Since changing the transit time in a klystron is equivalent to varying the operating
frequency, it is seen that by adjusting the reflector or the beam voltage of these
tubes, the frequency may be changed. This behavior is known as "electronic tuning,"
and is utilized in practice to change the oscillating frequency by a comparatively
small percentage. The main frequency controlling element in the reflex klystron
is the resonant cavity which forms part of the buncher-catcher. By mechanically
compressing the cavity, the volume of the cavity and the spacing of the grids connected
to it are caused to change and, in this way, alter the oscillating frequency. This
is called "mechanical tuning." In practice, both of the above methods are used,
as follows:
The mechanical tuning is adjusted so that the operating point falls in a region
of operation where the frequency can be shifted a reasonable amount in either direction
with electronic tuning without too much change in output power. The beam voltage
and grid bias are adjusted to provide at least minimum starting current. Once the
tube is oscillating, the reflector voltage is adjusted to optimize the transit time
and thus provide maximum power output within a given "mode" of oscillation.
Typical Behavior Curves
Klystron oscillators, in general, are characterized by the existence of discrete
"modes of oscillation." (The word mode is used here to denote certain limited regions
of electrode voltage within which oscillation occurs. Within a given mode, the frequency
of oscillation changes continuously from one end of the mode to the other as the
electrode voltage is changed.) The following are typical curves which illustrate
this behavior:
Fig. 6 illustrates the so-called "reflector characteristics" of a reflex klystron,
and shows both the variation of power output and the variation of frequency with
reflector voltage. As can be seen from the lower curves, there are several discrete
ranges of reflector voltage at which the tube will oscillate and supply power to
the load. It is these ranges of operation which were previously defined as "modes."
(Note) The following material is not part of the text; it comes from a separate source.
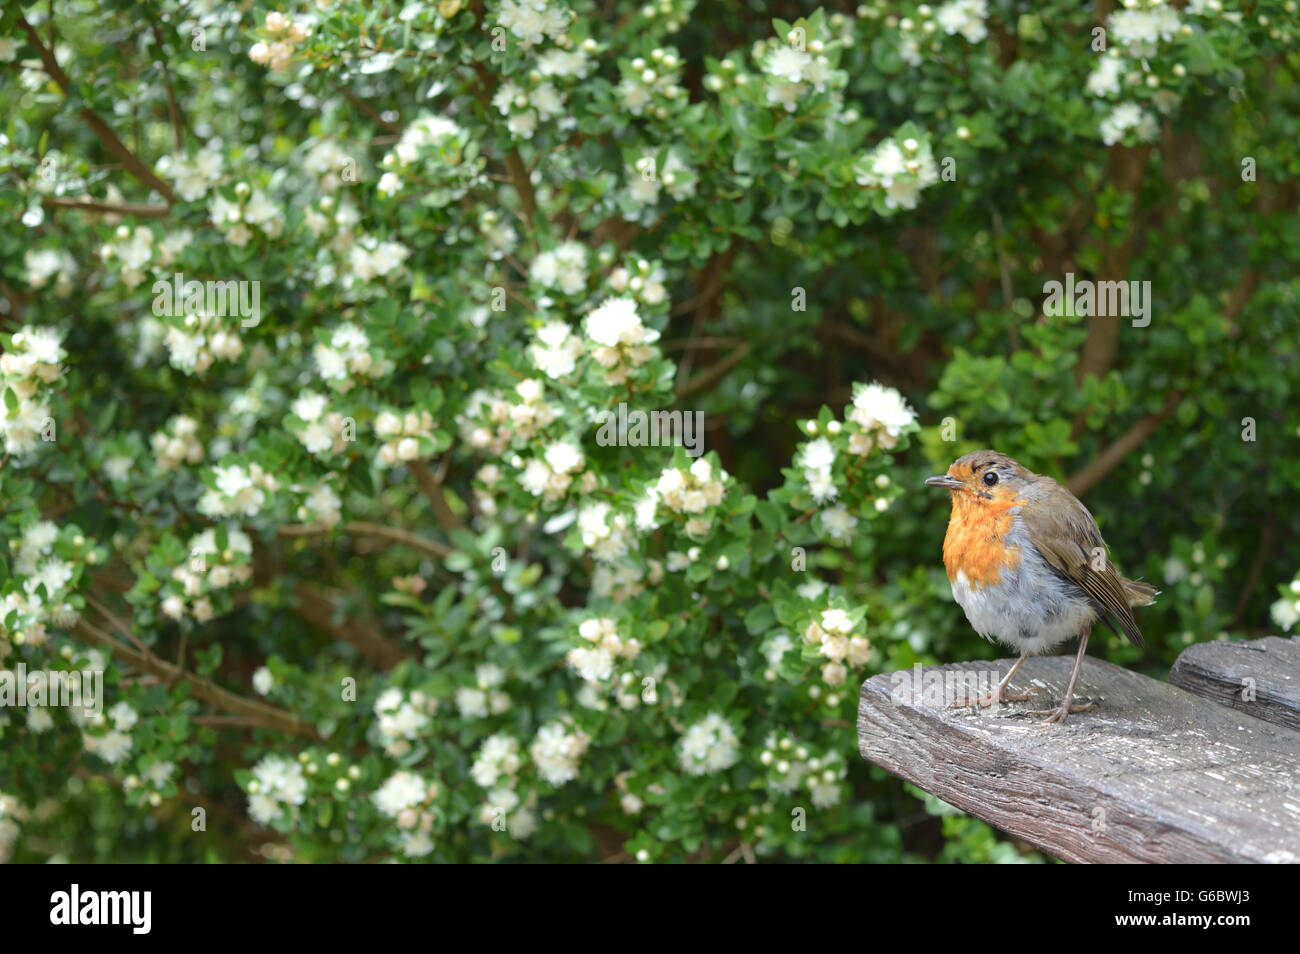 Bird sitting on a table in the nature. Stock Photo

Inspection of the lower curves further reveals that the r.f. power outputs are not
the same for all modes. In general, the maximum power output is greater at the higher
reflector voltage modes. However, it is important to keep in mind that while the
maximum power output obtainable may differ from one mode to the next, the frequency
at the point of maximum output in each mode is exactly the same - being the resonant
frequency of oscillation of the cavity.
Fig. 7 - (A) The difference-frequency type of a.f.c. system.
(B) Block diagram of the absolute-frequency type of a.f.c. system.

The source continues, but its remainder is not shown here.